Terms and conditions of office of chairperson and other directors.

20.—The remuneration (including allowances for expenses) of the chairperson of the Company and the other directors and the other terms and conditions upon and subject to which they hold their respective offices shall be determined by the Minister with the consent of the Minister for Finance.

Payment by Minister for Finance to Company.

21.—(1) The Minister for Finance may pay to the Company, in one or more amounts, a sum not exceeding £10,000,000.

(2) An amount paid to the Company under subsection (1) shall be applied by the Company solely in the payment of debts transferred to the Company under section 52 and shall be so applied as soon as may be.

Borrowing by Company and subsidiaries.

22.— (1) (a) Subject to the consent of the Minister and the Minister for Finance, the Company or a subsidiary may, whether on the security of its assets or otherwise, borrow money (including money in a currency other than the currency of the State).

(b) Subject to subsection (2), the aggregate at any time of borrowings under paragraph (a) (other than borrowings from the Company or a subsidiary) shall not exceed £100 million.

(2) The Company or a subsidiary may borrow money temporarily (including money in a currency other than the currency of the State) but the aggregate at any time of such borrowings (other than borrowings from the Company or a subsidiary) shall not exceed such amount as may be specified by the Minister with the consent of the Minister for Finance.

(3) For the purposes of this section moneys borrowed in a currency other than the currency of the State shall be deemed to be the equivalent in the currency of the State of the actual moneys borrowed, such equivalent being calculated according to the rate of exchange at the time of such borrowing for that currency and the currency of the State.

Guaranteeing by Minister for Finance of borrowing.

23.— (1) The Minister for Finance may, after consultation with the Minister, guarantee, in such form and manner and on such terms and conditions as he or she thinks fit, the due repayment by the Company or a subsidiary of the principal of any money (including money in a currency other than the currency of the State) borrowed by the Company or the subsidiary or the due payment of instalments or other amounts of money owed by the Company or a subsidiary under a contract entered into by the Company or the subsidiary or the payment of interest on any such money, instalment or amount or both the repayment of principal or payment of such instalments or amounts, as the case may be, and the payment of the interest, and any such guarantee may include a guarantee of payment of commission and incidental expenses arising in connection with such borrowings or such contract.

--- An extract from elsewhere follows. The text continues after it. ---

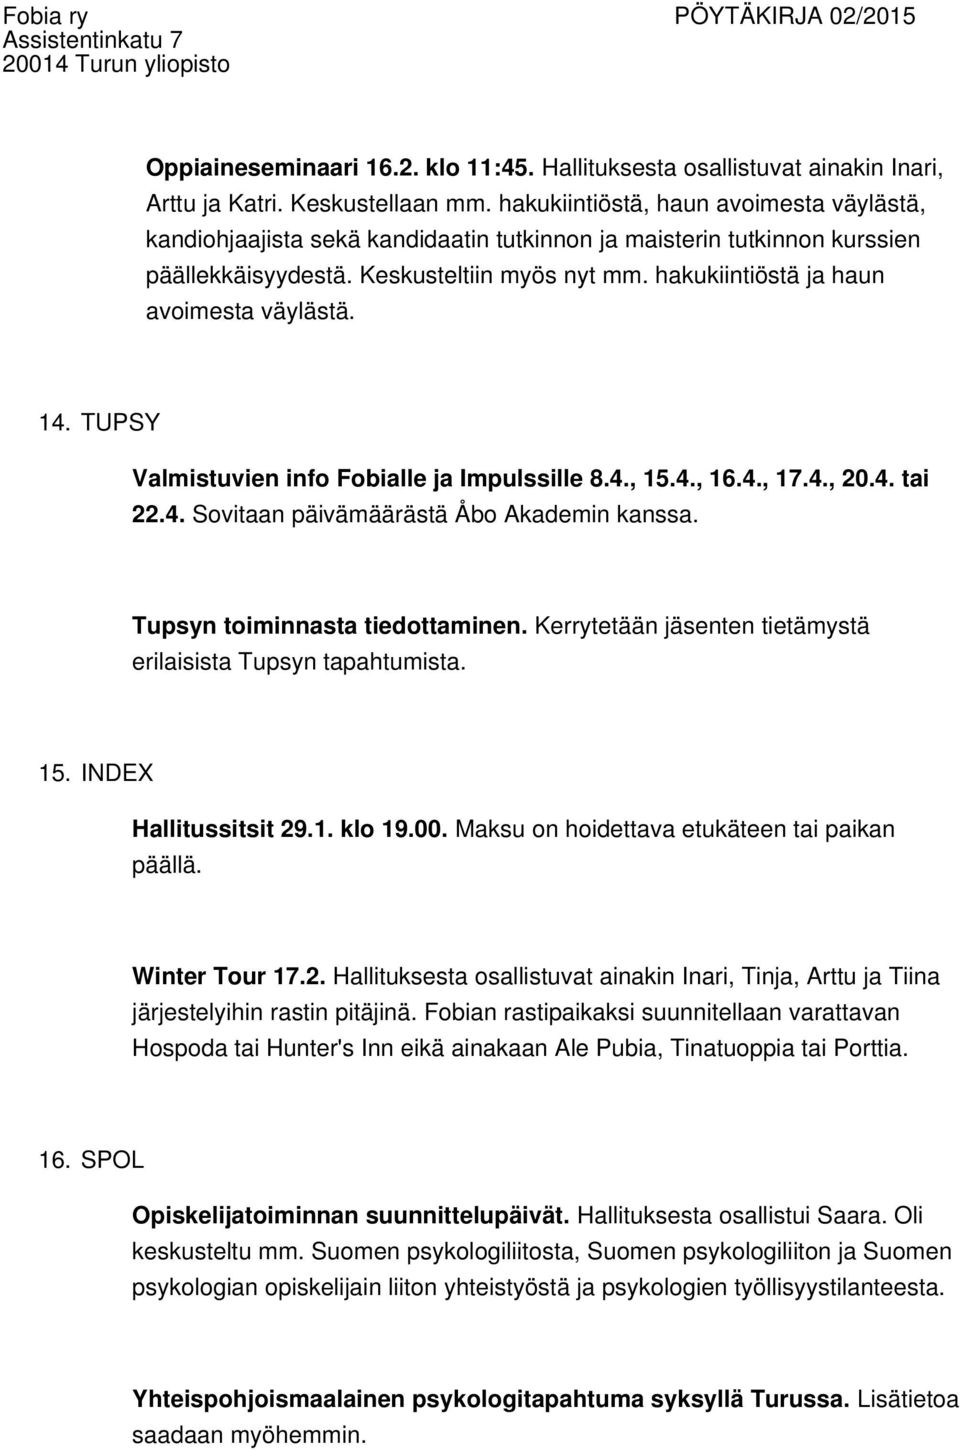 hakukiintiöstä ja haun avoimesta väylästä. 14. TUPSY Valmistuvien info Fobialle ja Impulssille 8.4., 15.4., 16.4., 17.4., 20.4. tai 22.4. Sovitaan päivämäärästä Åbo Akademin kanssa.
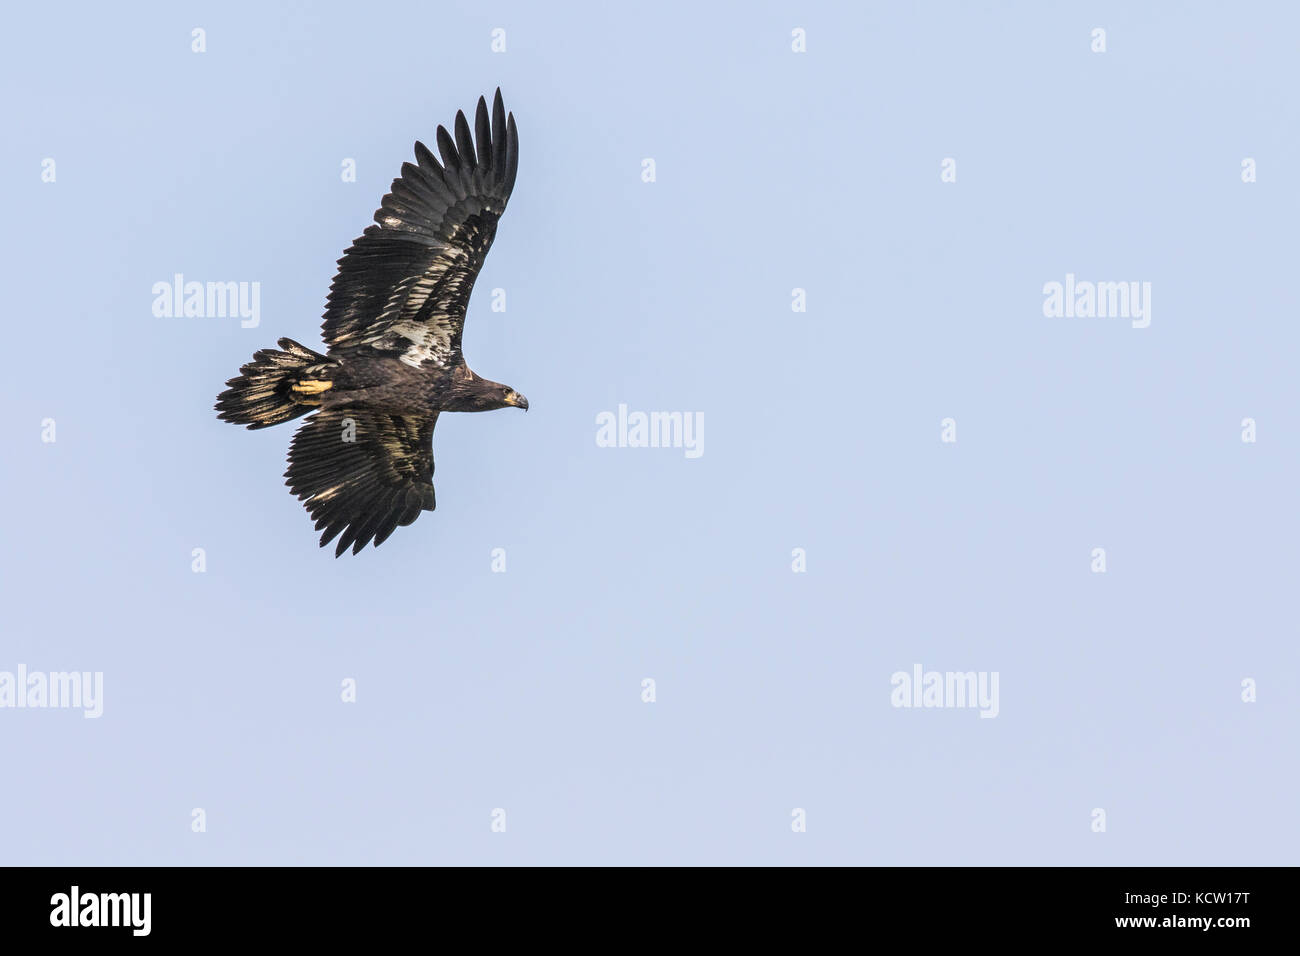 Aquila reale (Aquila chrysaetos) piena apertura alare, come aquila vola in cerca di cibo, Cranbrook, British Columbia, Canada Foto Stock

(2) The Minister for Finance shall not so exercise the powers conferred on him or her by this section that the amount or the aggregate amount of principal which he or she may at any one time be liable to repay on foot of any guarantee or guarantees under this section for the time being in force, together with the amount of principal (if any) which the Minister for Finance has previously paid on foot of any guarantee under this section and which has not been repaid by the Company or a subsidiary exceeds £100 million.

(3) In calculating the amount of borrowings or instalments or other money guaranteed by the Minister for Finance under this section for the purposes of subsection (2), the equivalent in the currency of the State of borrowings or instalments or other money in a foreign currency shall be calculated at the rate of exchange at the time of the giving of the guarantee for that currency and the currency of the State.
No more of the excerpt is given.